◆ **Problem details**:
Please transcribe the data that follows exactly as given, leaving out every picture.

START Material provided

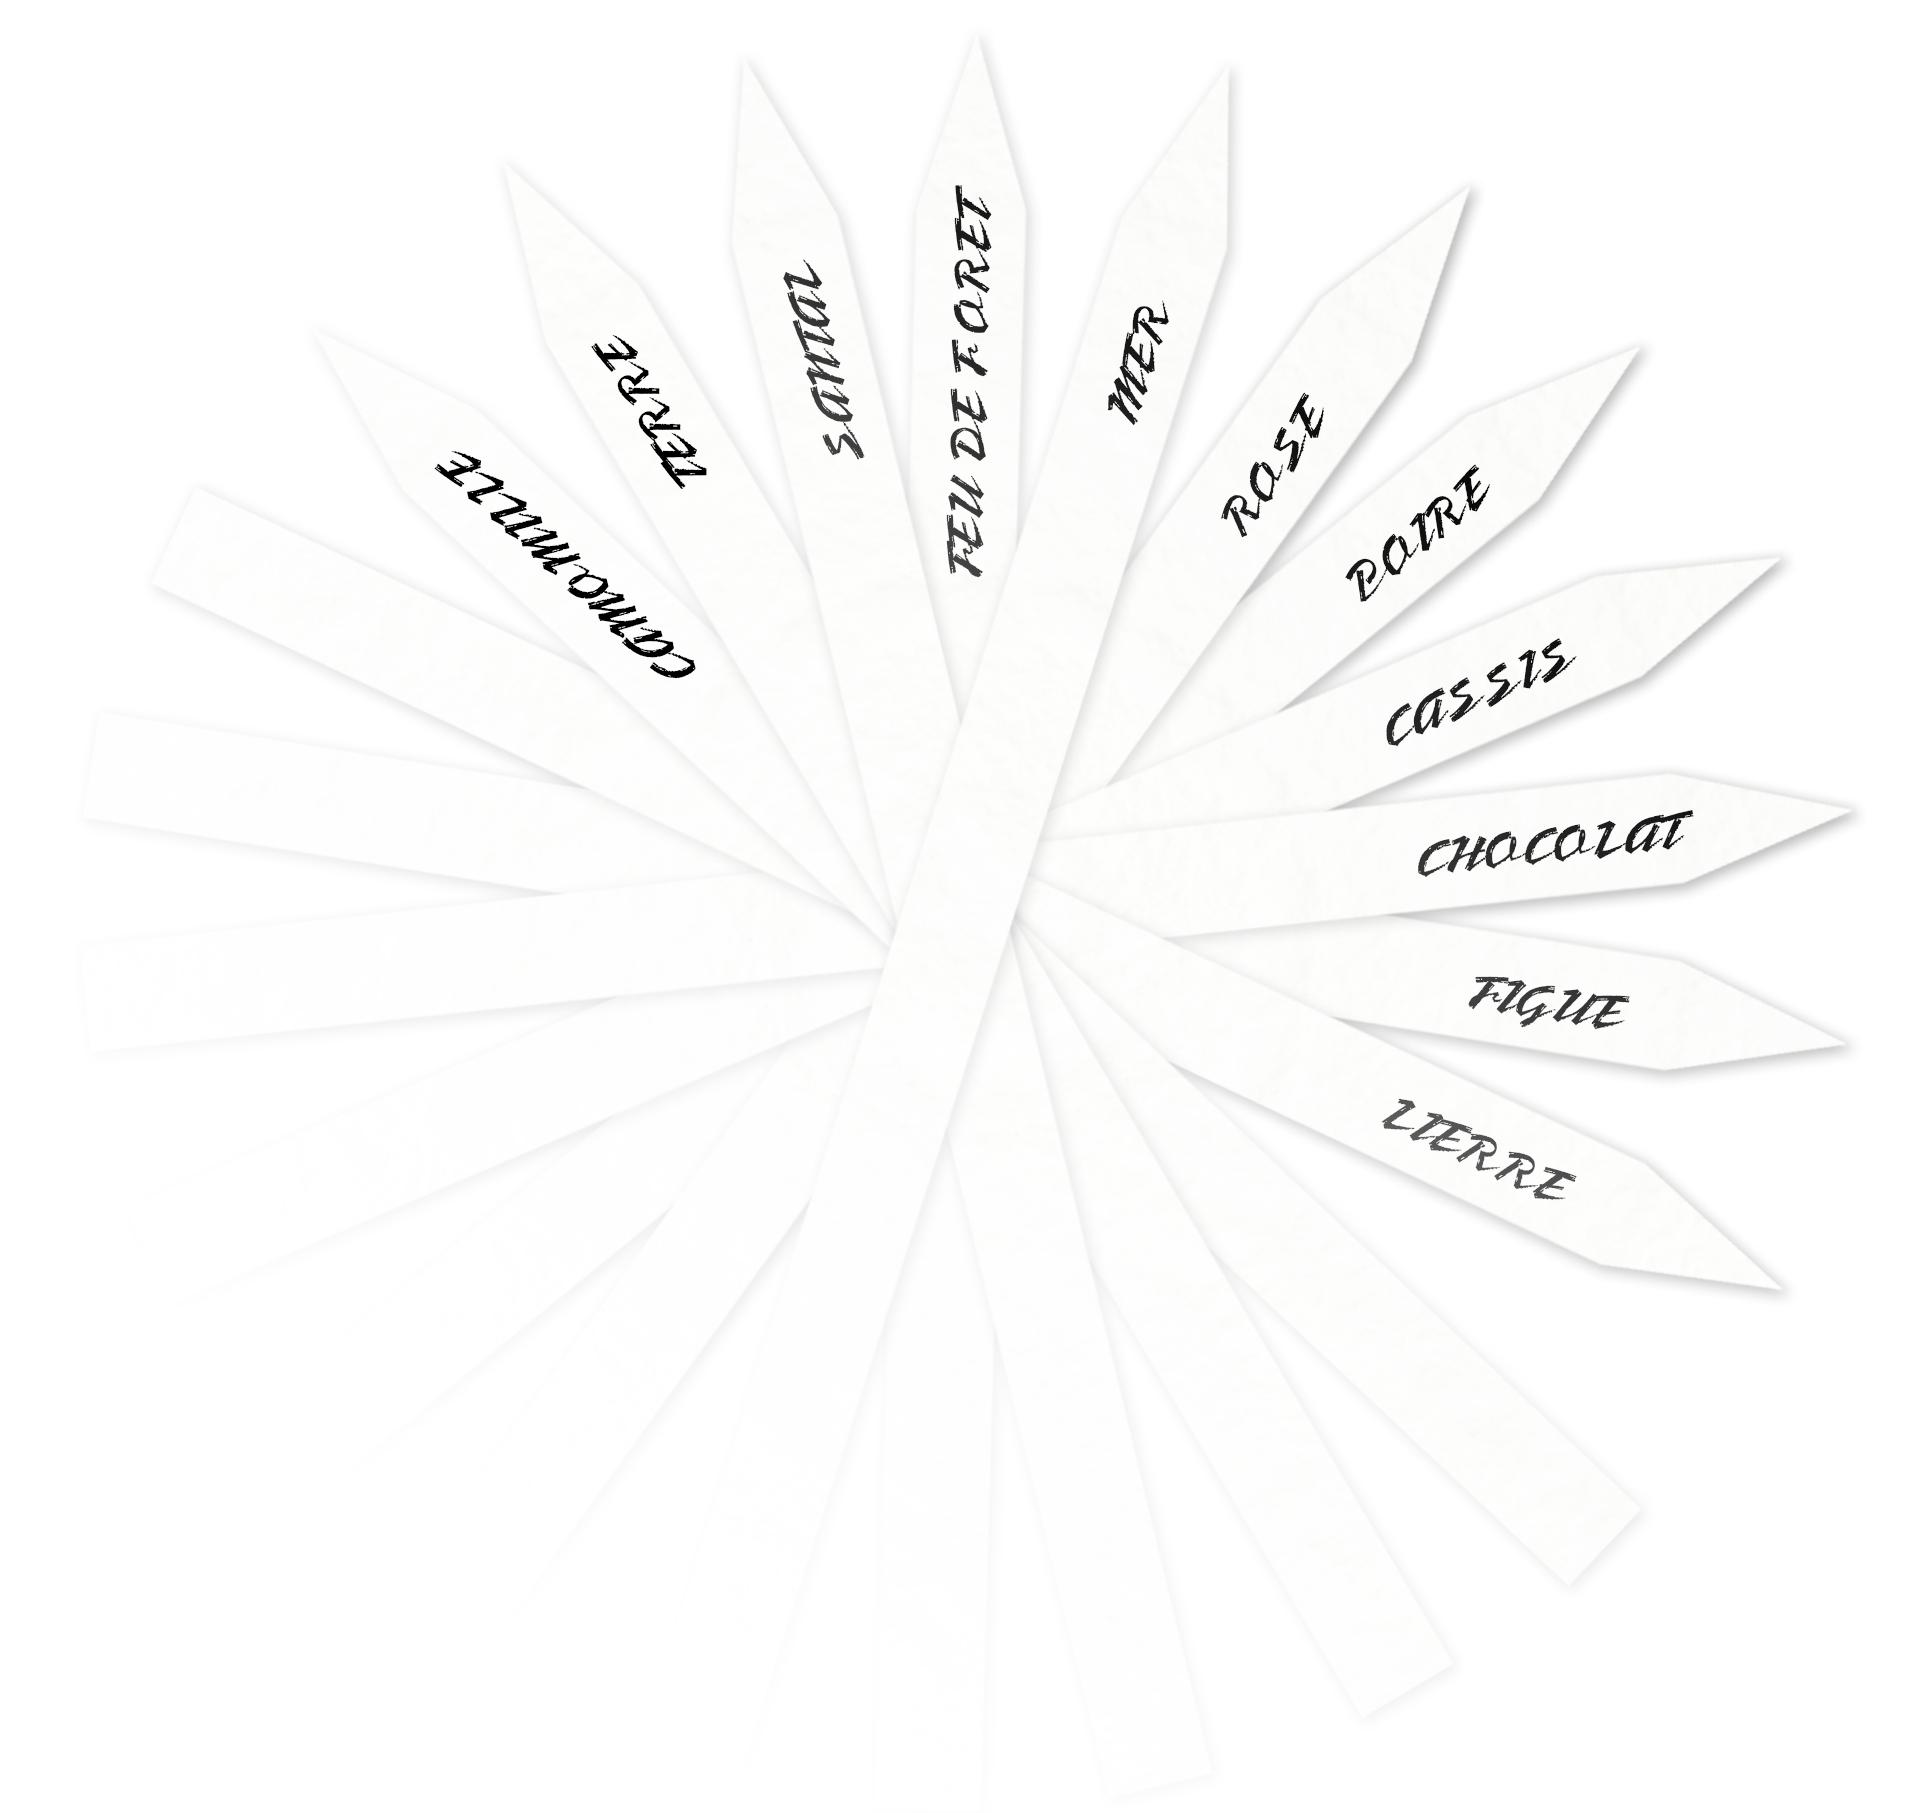 montage_parfum_tests
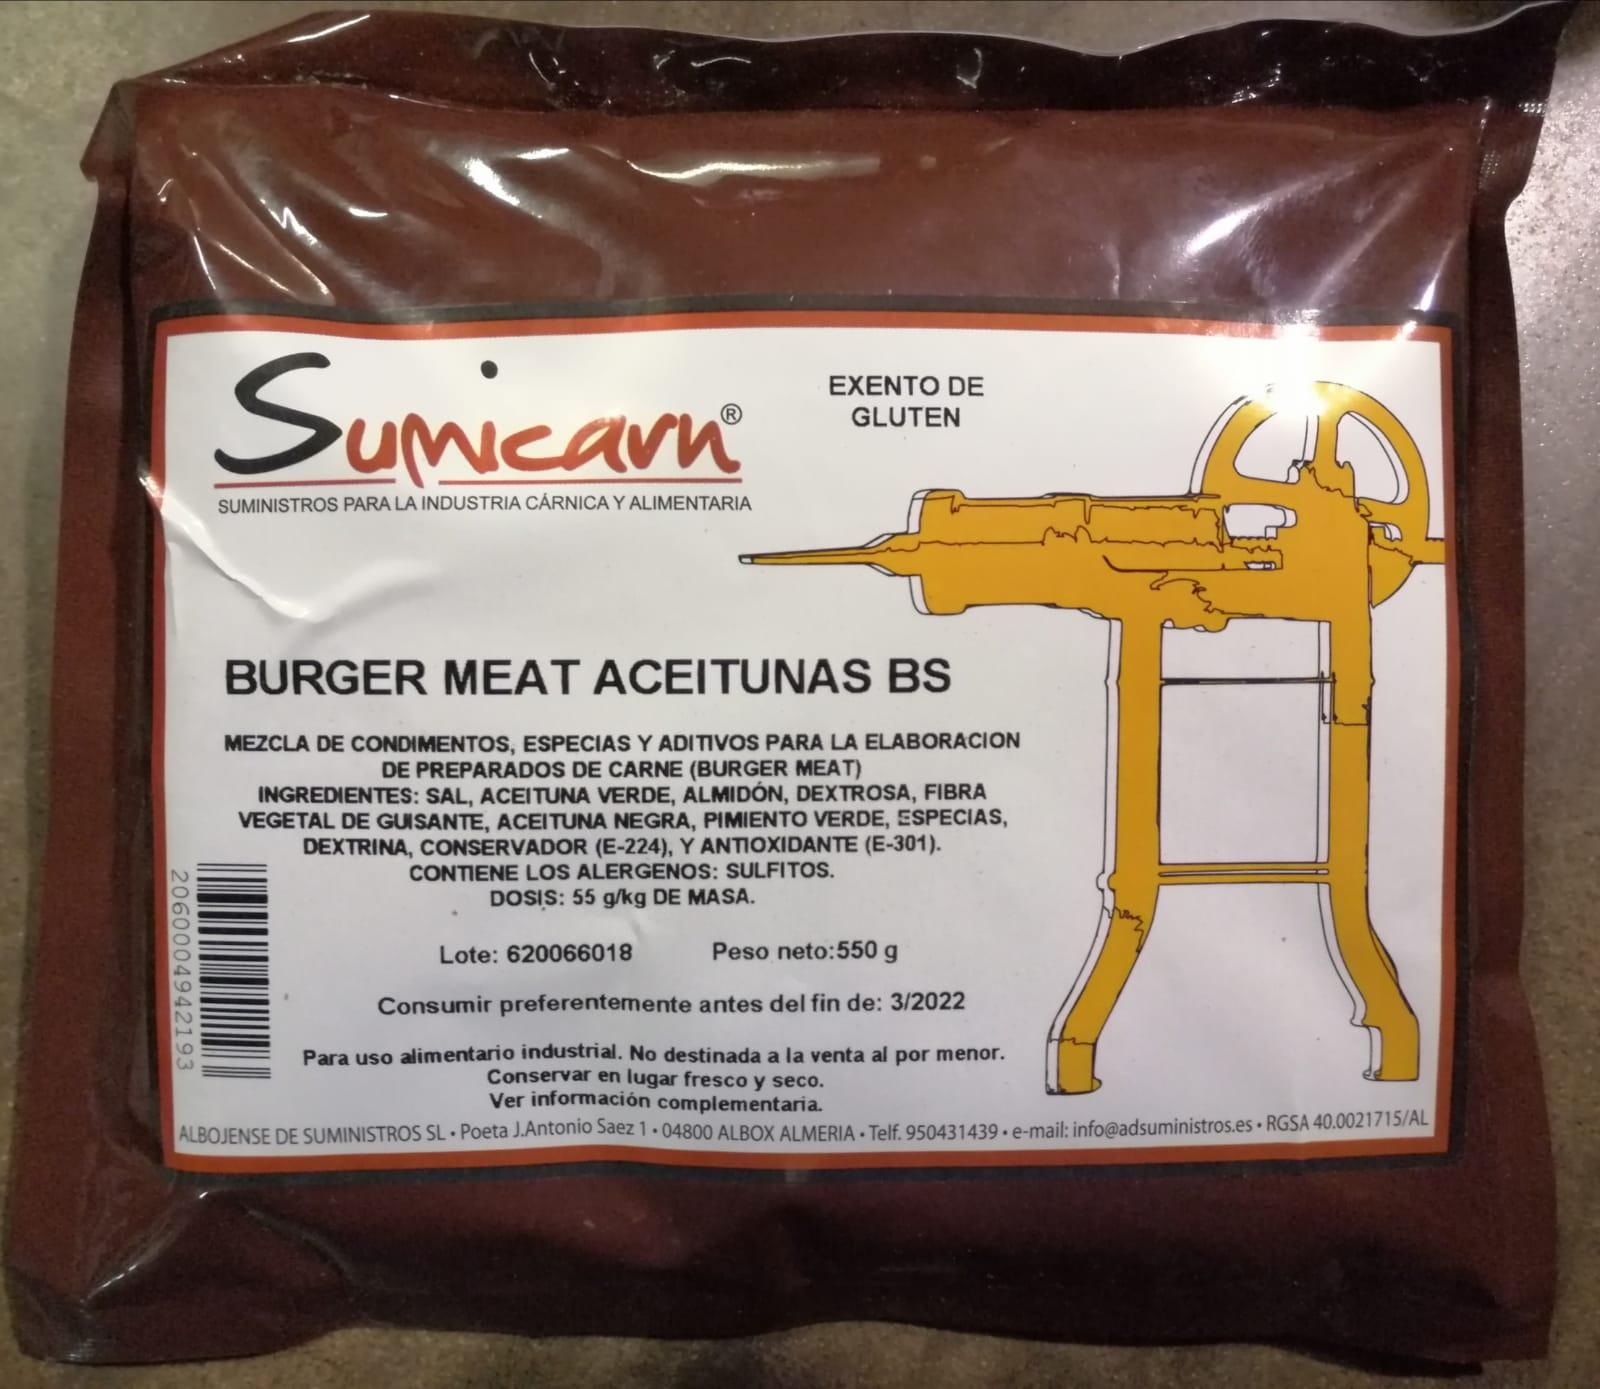 Burger meat exclusivos sumicarn Img-2102
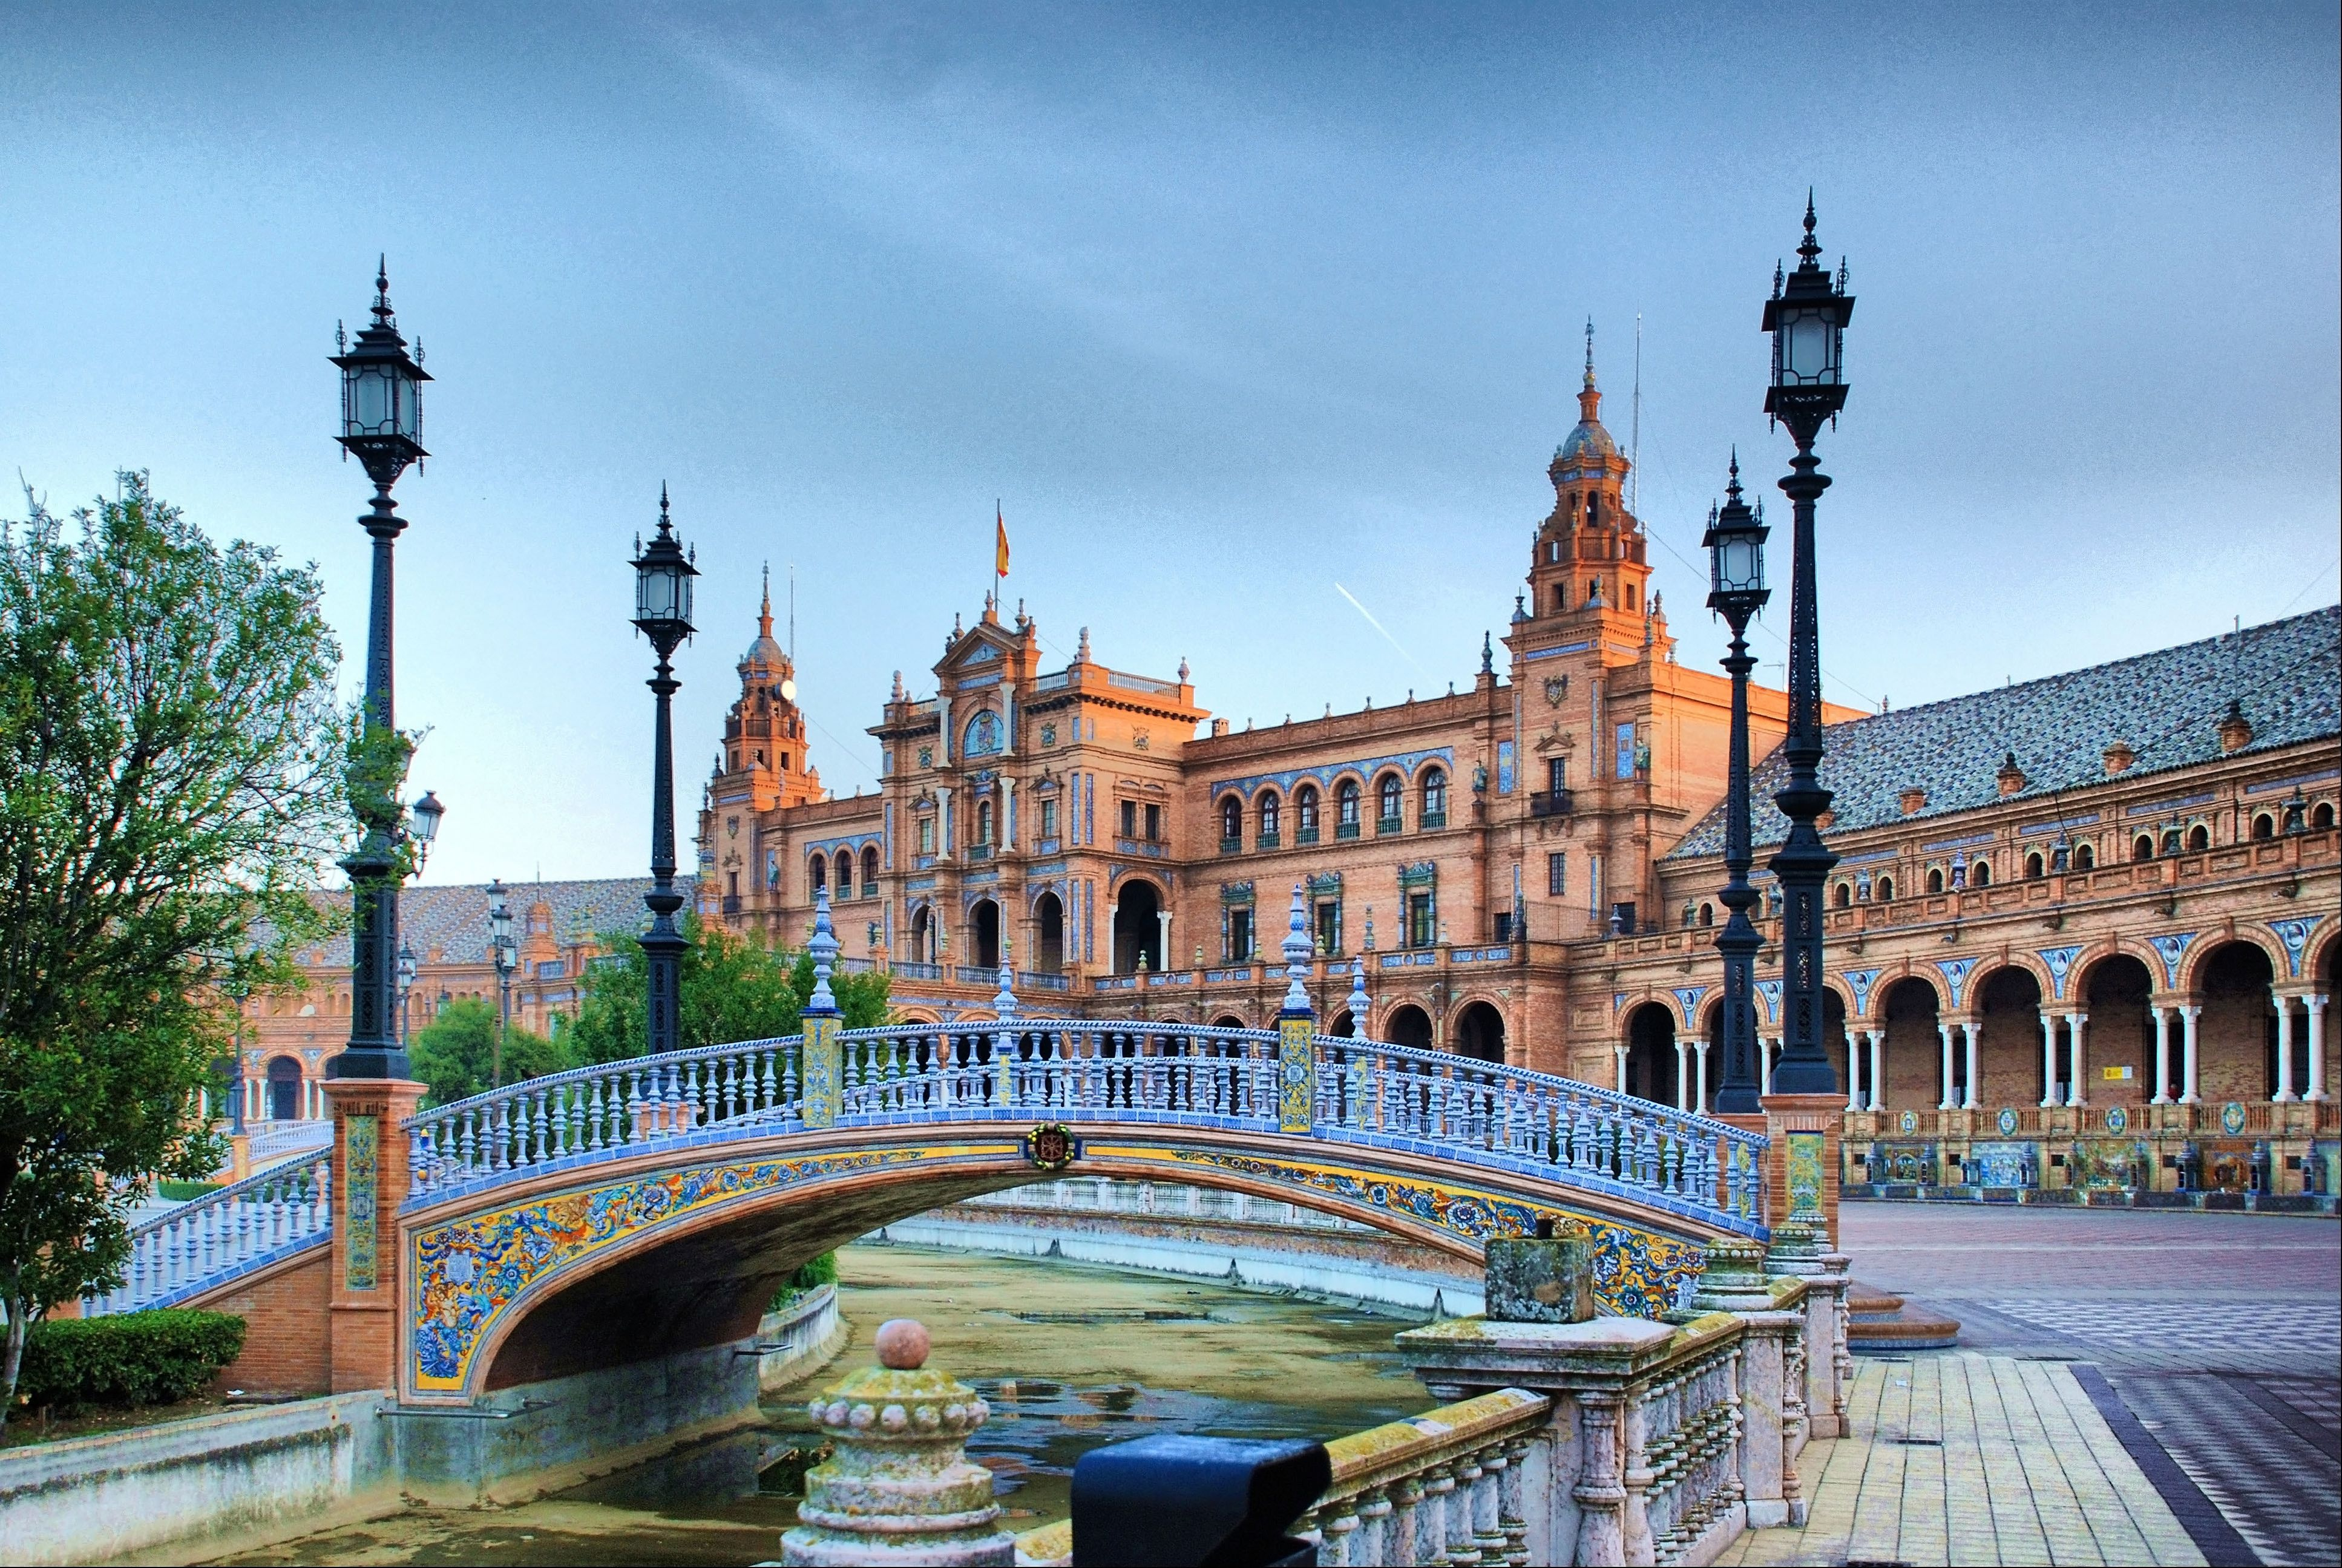 город севилья испания фото

END Material provided

◆ **Answer area**:
 montage_parfum_tests
 Burger meat exclusivos sumicarn Img-2102
 город севилья испания фото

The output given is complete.